The communication component 916 is configured to facilitate communications between the apparatus 900 and other devices in a wired or wireless manner. The apparatus 900 may access a wireless network based on a communication standard, such as WiFi, 2G or 3G, or a combination thereof. In an exemplary embodiment, the communication component 916 receives a broadcast signal or broadcast associated information from an external broadcast management system via a broadcast channel. In an exemplary embodiment, the communications component 916 further includes a Near Field Communication (NFC) module to facilitate short-range communications. For example, the NFC module may be implemented based on Radio Frequency Identification (RFID) technology, infrared data association (IrDA) technology, Ultra Wideband (UWB) technology, Bluetooth (BT) technology, and other technologies.
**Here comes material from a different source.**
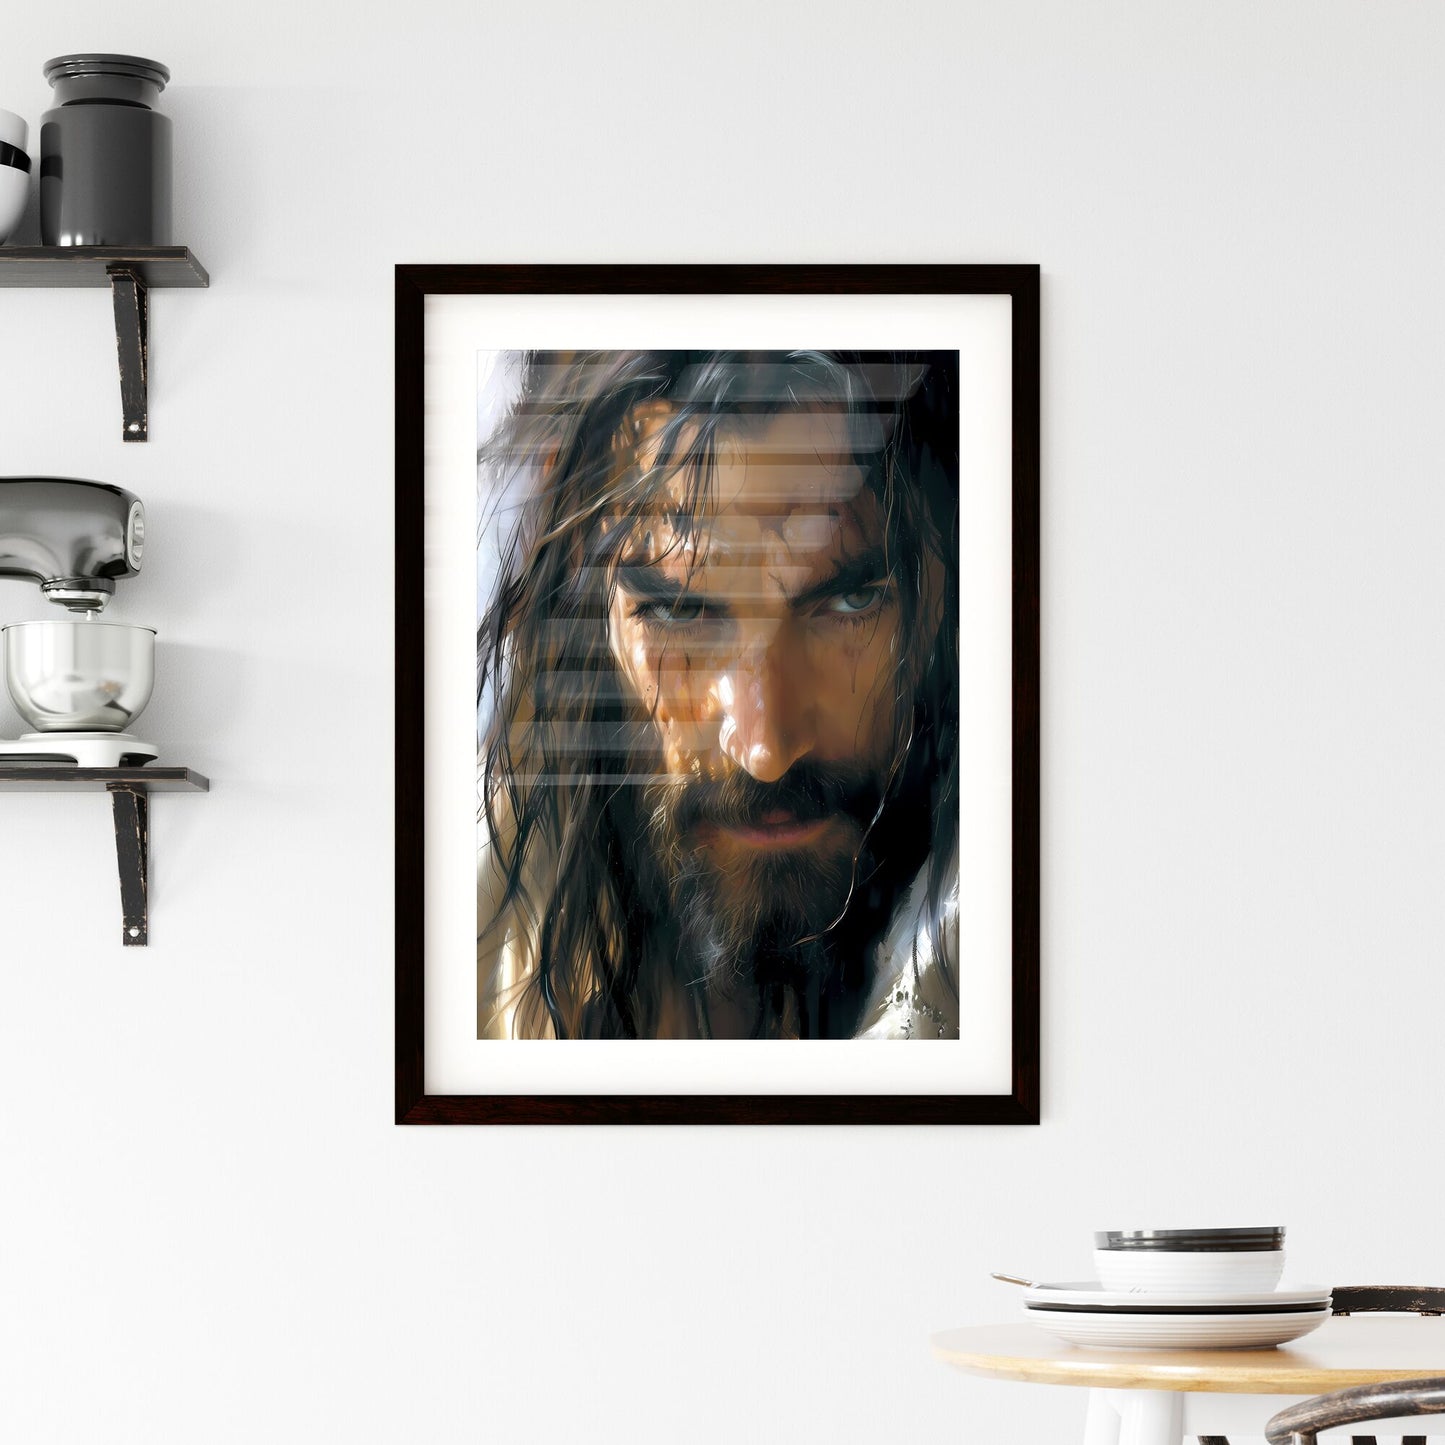 A Christian-themed movie poster, 1980s - Art print of a man with long hair and a beard Default Title
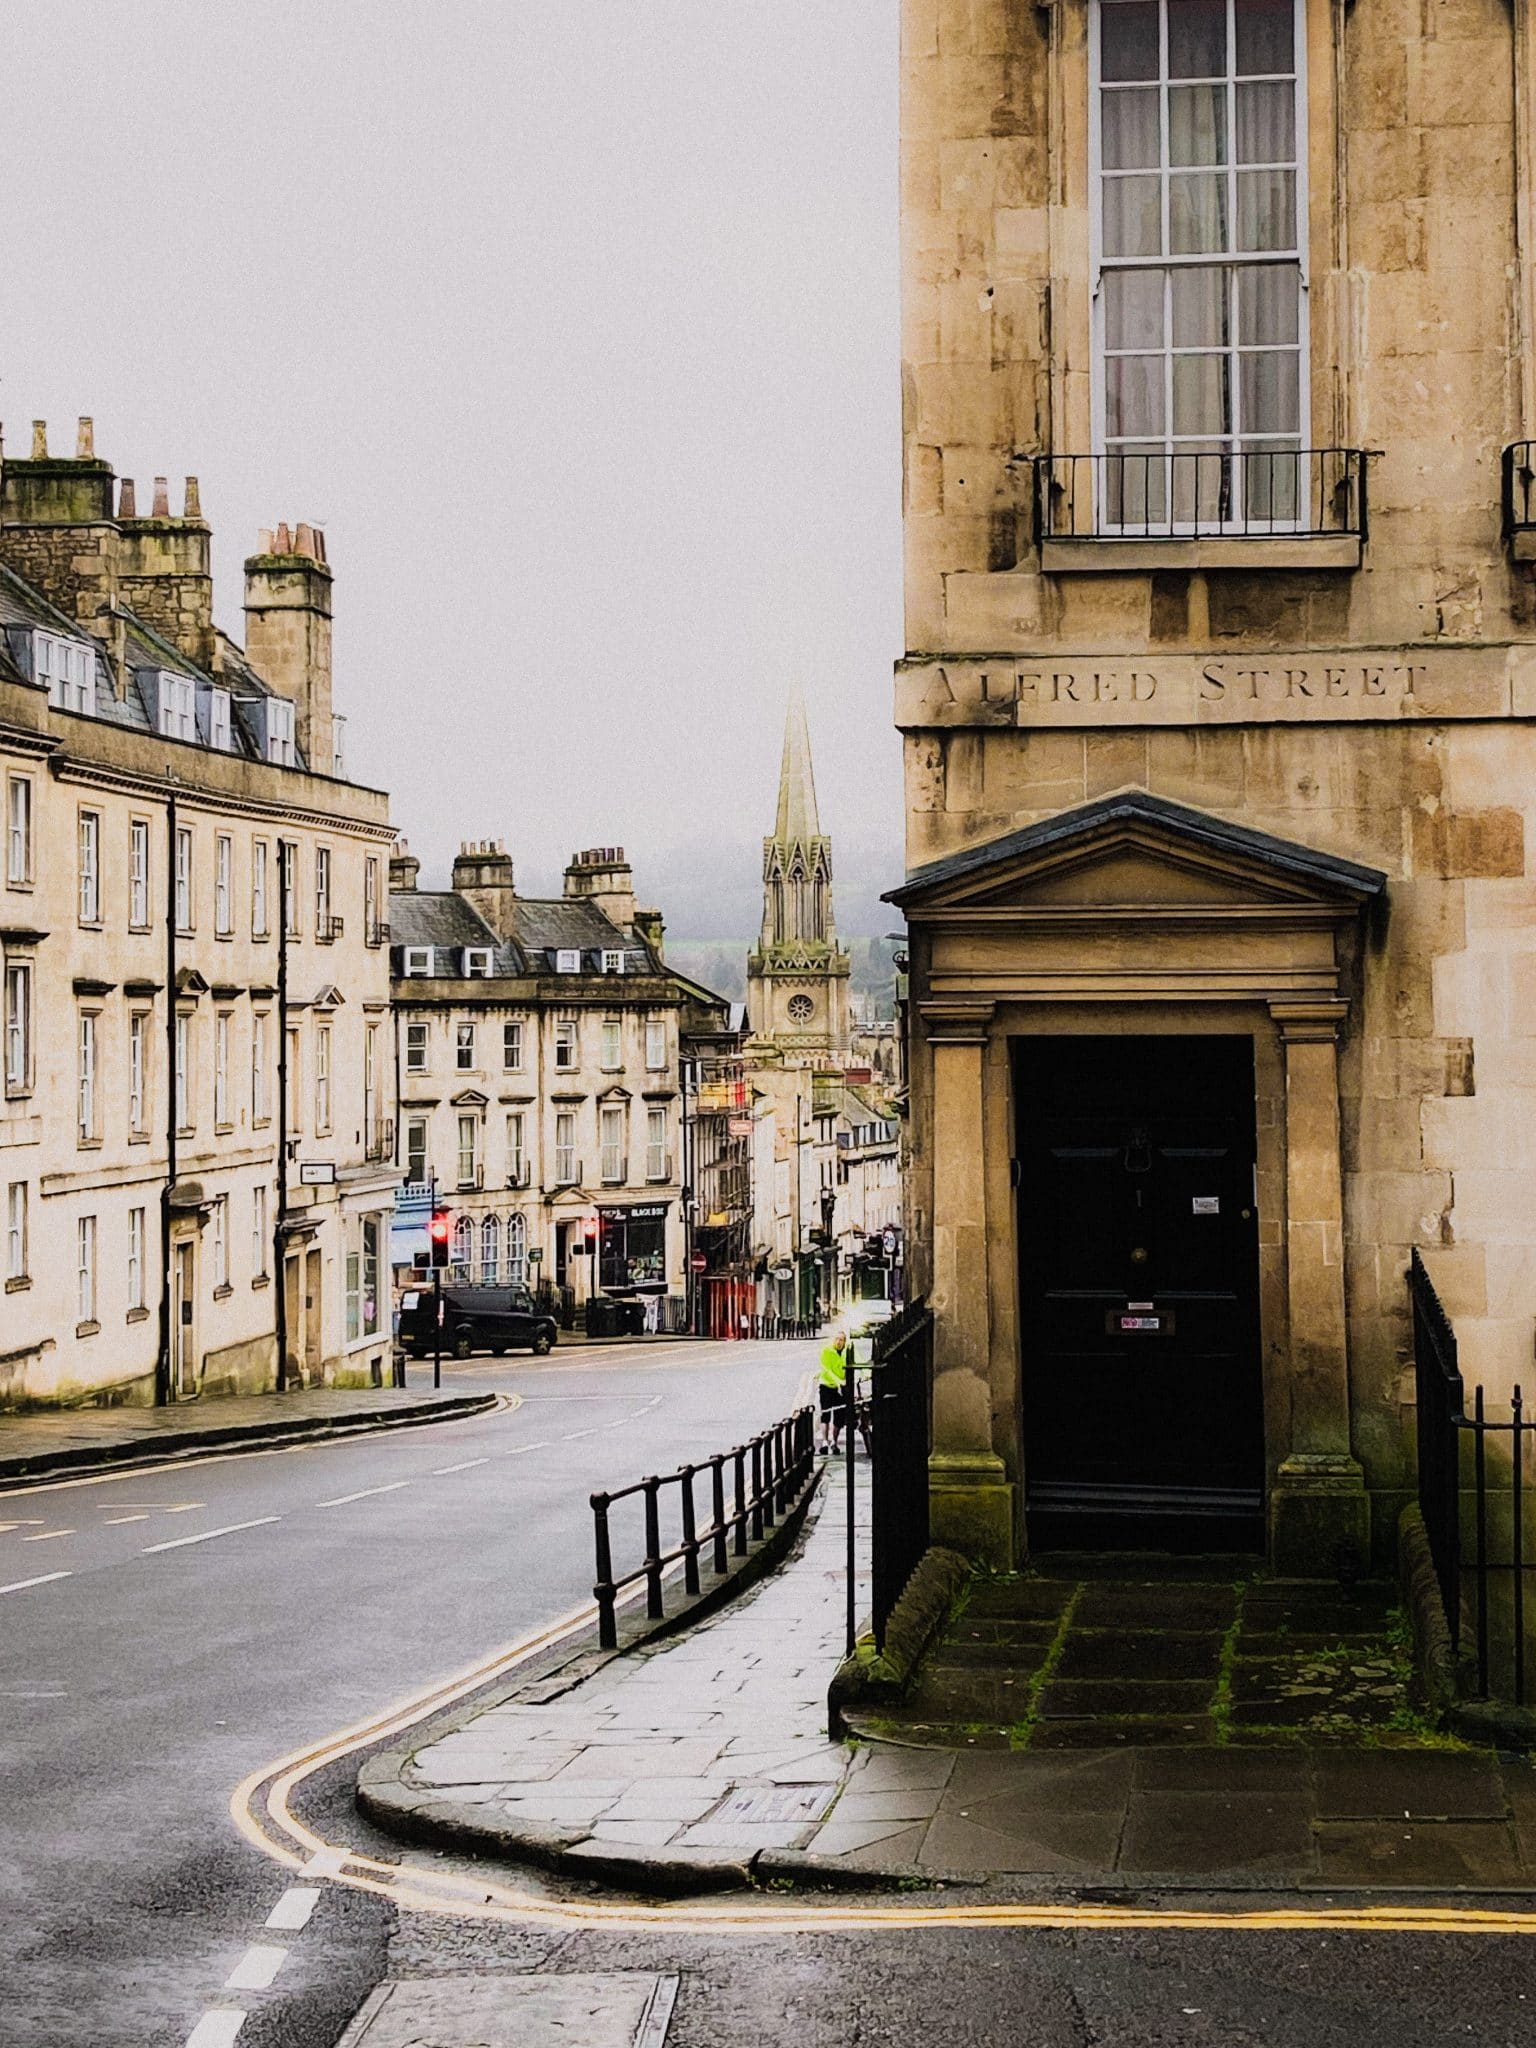 The beautiful architecture of Bath during the winter months

In an exemplary embodiment, the apparatus 900 may be implemented by one or more Application Specific Integrated Circuits (ASICs), Digital Signal Processors (DSPs), Digital Signal Processing Devices (DSPDs), Programmable Logic Devices (PLDs), Field Programmable Gate Arrays (FPGAs), controllers, micro-controllers, microprocessors or other electronic components for performing the above-described methods.
In an exemplary embodiment, a non-transitory computer readable storage medium comprising instructions, such as the memory 904 comprising instructions, executable by the processor 920 of the apparatus 900 to perform the above-described method is also provided. For example, the non-transitory computer readable storage medium may be a ROM, a Random Access Memory (RAM), a CD-ROM, a magnetic tape, a floppy disk, an optical data storage device, and the like.
The above description is only exemplary of the present disclosure and should not be taken as limiting the disclosure, as any modification, equivalent replacement, or improvement made within the spirit and principle of the present disclosure should be included in the scope of the present disclosure.